Reputation: 2043
I have big amount (over 200k) of pdf files in a remote drive like \remote\location. I have to read all file names from that directory and insert the file names into a database.
I have tried "get file names" step. However it is not loading the file names and the transformation is getting stopped immediately.
I have tried with smaller number of records which are in the same remote directory, but in a sub directory. it is working fine.
However when I tried for all files(including sub directories) it is crashing. running into out of memory. (Failed to execute runnable (java.lang.OutOfMemoryError: Java heap space))
Is there a way that I can process for each 1000 files once?
Upvotes: 3
Views: 4281
Reputation: 3294
You ran out of memory. Edit the spoon.sh file and search for this line.
PENTAHO_DI_JAVA_OPTIONS="-Xmx512m -XX:MaxPermSize=512m"
if you have 4gb of memory available you can set 2gb, (it's up to you).
PENTAHO_DI_JAVA_OPTIONS="-Xmx2048m -XX:MaxPermSize=1024m"

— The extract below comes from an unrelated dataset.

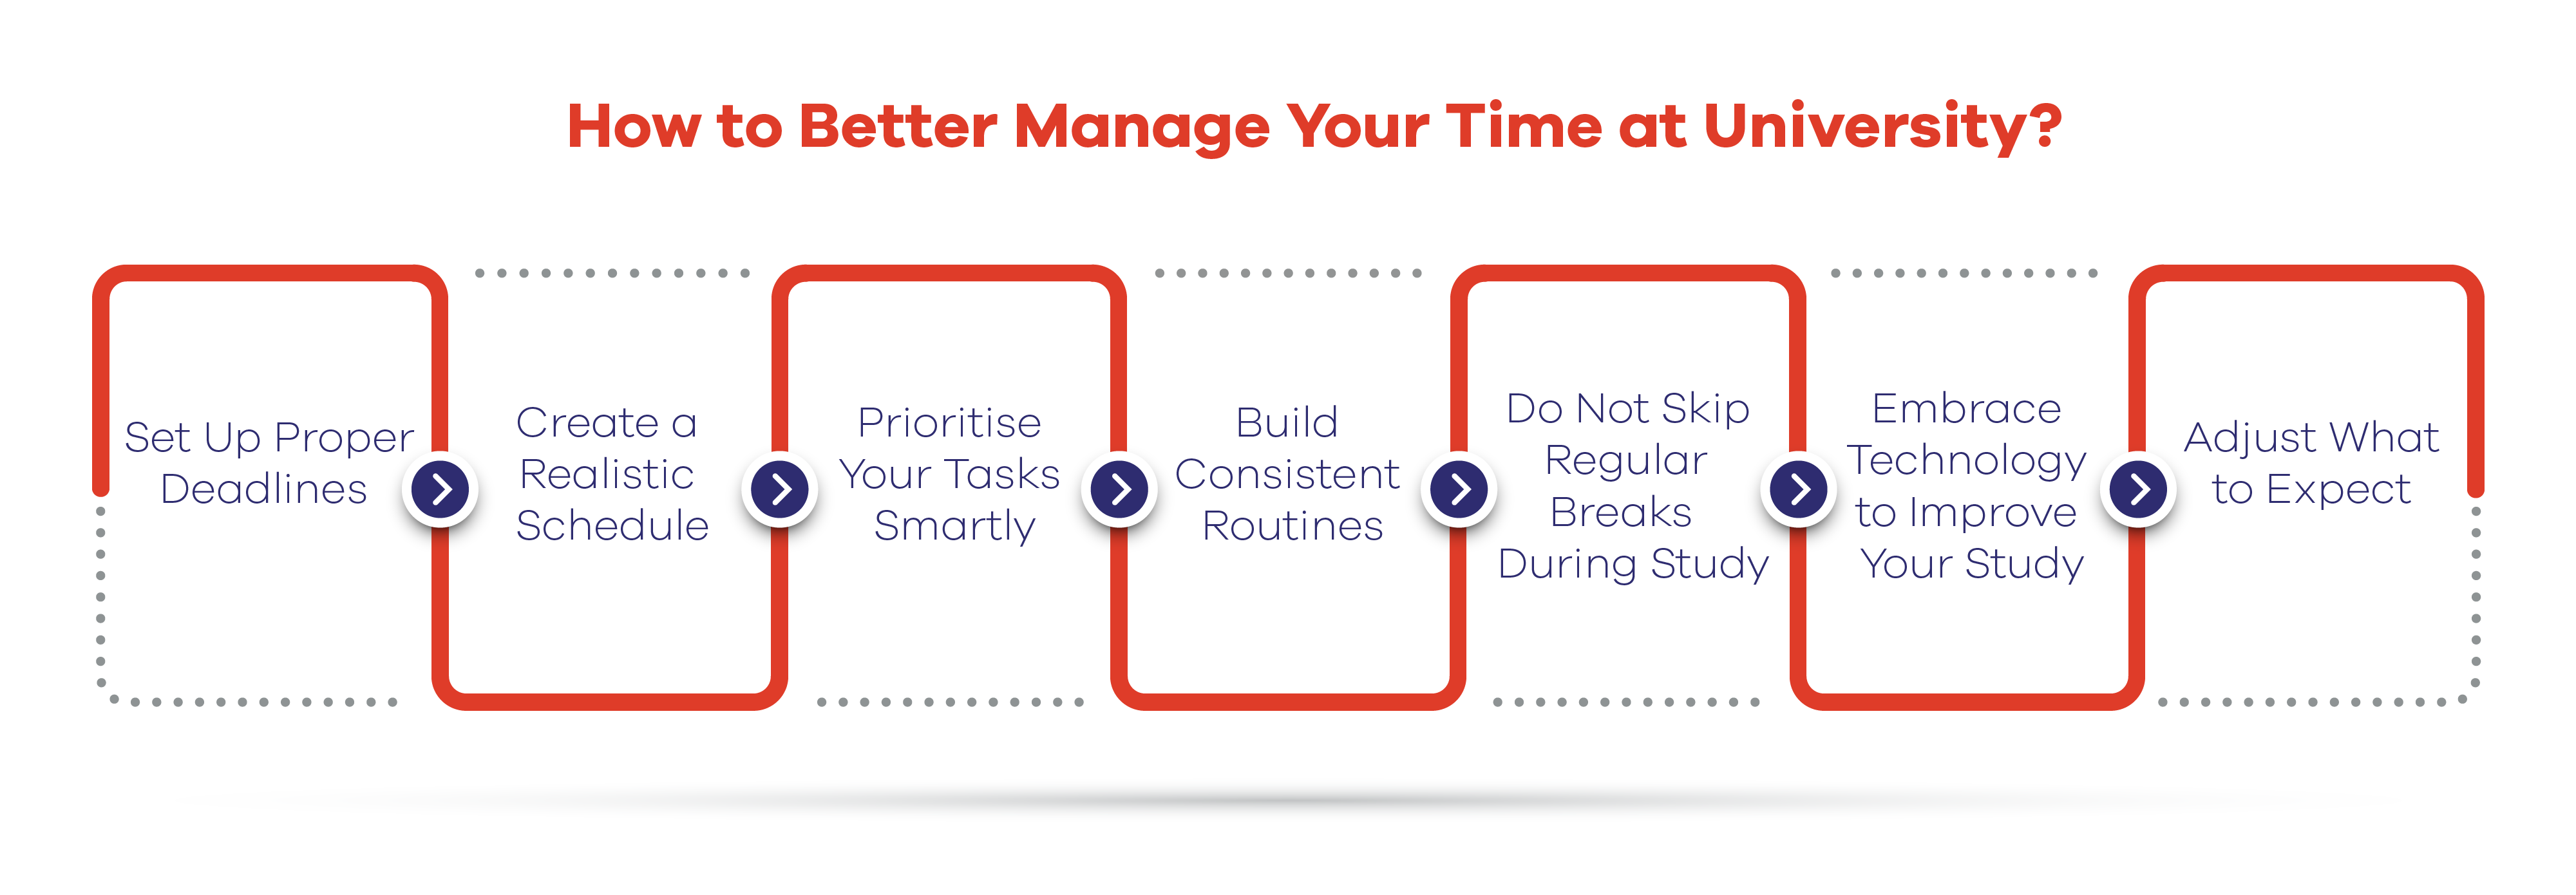 How to Better Manage Your Time at University? 

restart your spoon and try again.
Upvotes: 2
Reputation: 8068
Kettle is very memory hungry. For example, I typically need 8 GB to run a relatively long and complex process on files of just 250,000 records. So before I run kitchen or pan I always set JAVAMAXMEM
appropriately high. You set it in units of MB, so for 4 GB you'd set
JAVAMAXMEM=4096 kitchen.sh ...
Upvotes: 0